Compared with the prior art, the invention has the beneficial effects that: the invention adopts the autocorrelation technology to effectively distinguish voice from background noise; the false detection and missing detection probability of the VAD is effectively reduced by adopting a plurality of statistics and a plurality of judgment thresholds; the algorithm is simple and reliable, the calculation complexity is low, the real-time performance is good, the portability is high, and a plurality of processing platforms are provided; the zero crossing rate detection can resist single-tone interference, can effectively prevent the interference of single-tone and squeak on voice detection, and improves the reliability of judgment.

The invention detects the voice activation through short-time autocorrelation, standard deviation and zero crossing rate detection, improves the comfort experience of short-wave communication voice communication, and greatly reduces the probability of noise silence and voice break-over threshold in the practical application process. The applicability is improved for the short wave communication voice squelch function.

Drawings

The invention will now be described in further detail with reference to the drawings and to specific examples.

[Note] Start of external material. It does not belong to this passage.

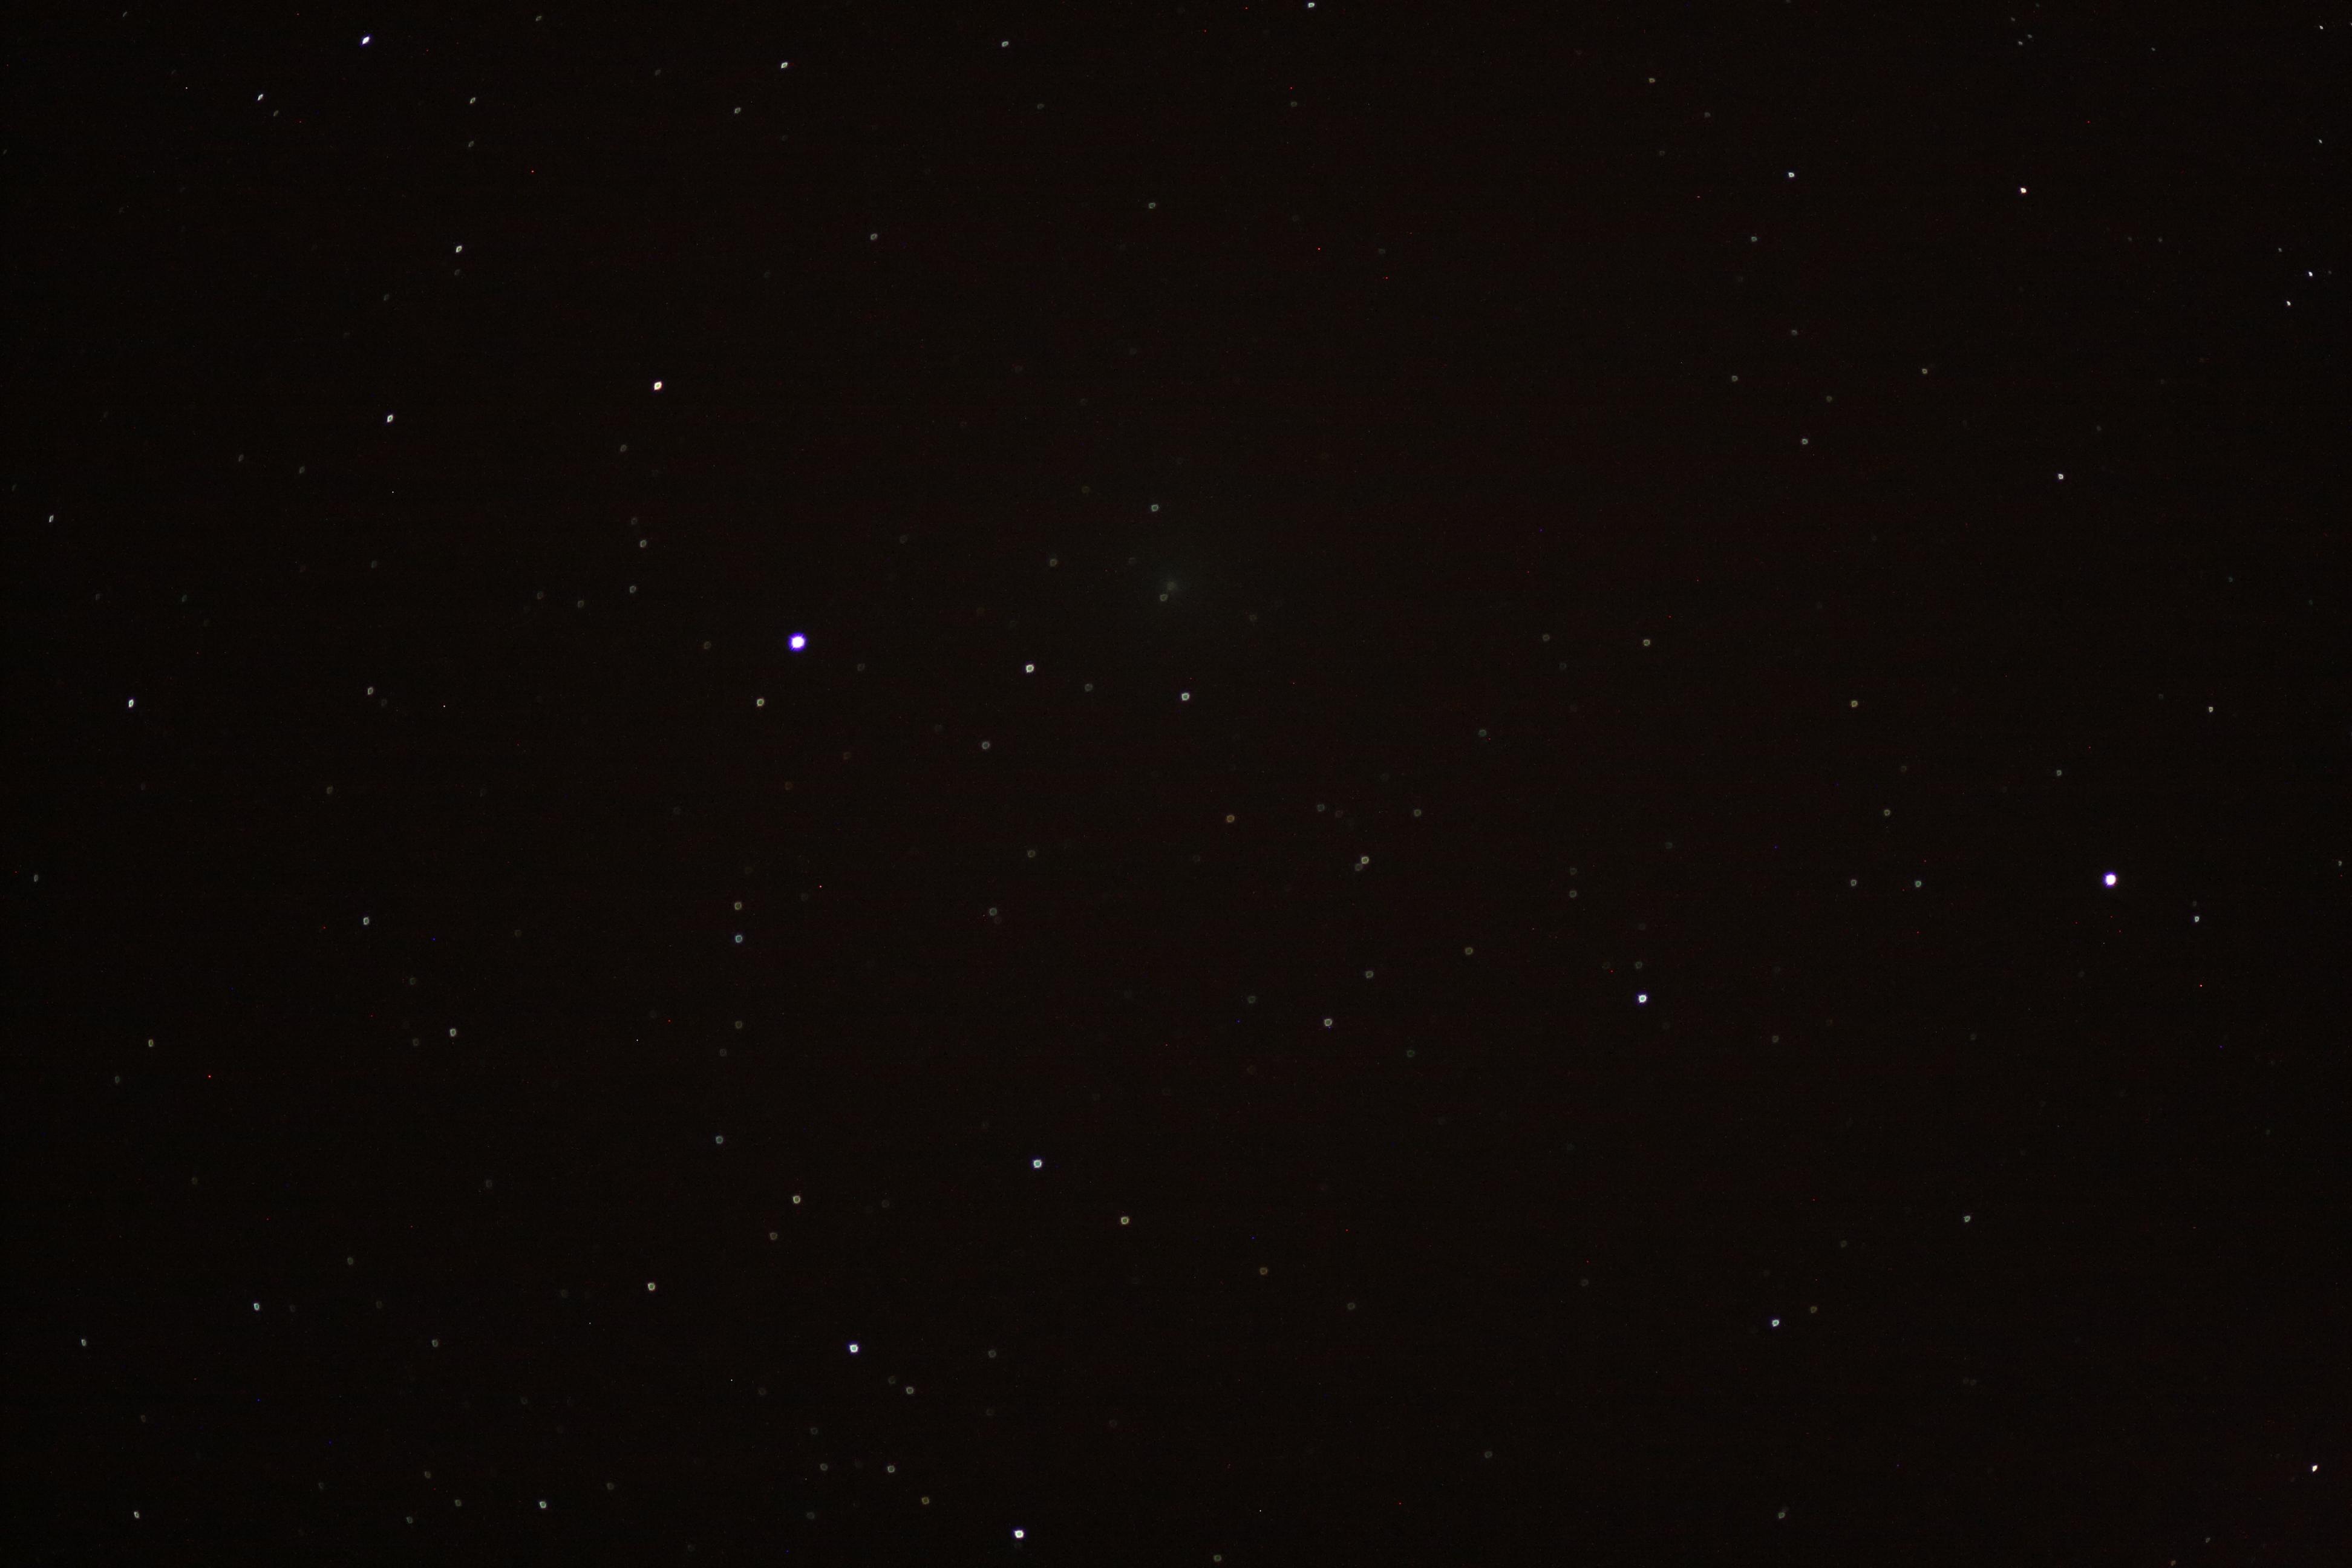 Komet 41P/Tuttle-Giacobini-Kresak vid klockan 22UT den 18.2.17. 102 mm f/7 refraktor, 60 sekunders exponering, ISO1600, Canon EOS 1000D

FIG. 1 is a block flow diagram of an implementation of the present invention.

Detailed Description

Embodiments and effects of the present invention are described in further detail below with reference to the accompanying drawings.

Due to the limitation of the computing power and the power consumption of the using equipment, the adopted VAD algorithm cannot be too complex, and meanwhile, the processing delay (mainly the judgment delay of the occurrence of the voice and the end of the voice) cannot be too large, namely, the VAD algorithm has near real-time processing capability. In addition, the method should work normally in complex background noise, and has certain self-adaptation performance, and the factors lead to the VAD algorithm to be simple to realize and reliable to detect.

Based on the application requirements, referring to fig. 1, the short-wave communication voice activation detection method based on zero-crossing rate detection provided by the invention specifically comprises the following steps:

the specific framing and windowing processing is as follows: for each frame of audio data after band-pass filtering, intercepting a section of sampling point in the middle of each frame by adopting a window function to serve as data after windowing; i.e.

x_m '(N)＝x_m (N).*Hamming(N)

Wherein x is_m (N) is m-th frame band-pass filtered audio data, m=1, 2, …, N; ham min g (N) is a Hamming window function of length N. Specifically, the length of each frame of data is n=256 samples, and the middle 200 points of 256 are just intercepted from 28 points to 228 points, so as to reduce interference among frequency domains in the framing process.

The specific normalization process is as follows:

Secondly, comparing a preset experience value a (the value is an experience value obtained in the actual environment debugging process) with the average value to obtain a correction factor: factor x_m '(N)＝a/(mean x_m '(N))；

Finally, a correction factor x is adopted_m ' (N) normalizing the windowed data of each frame to obtain a preprocessed dataAudio data: x is x_m ”(N)＝factor x_m '(N)*x_m '(N)。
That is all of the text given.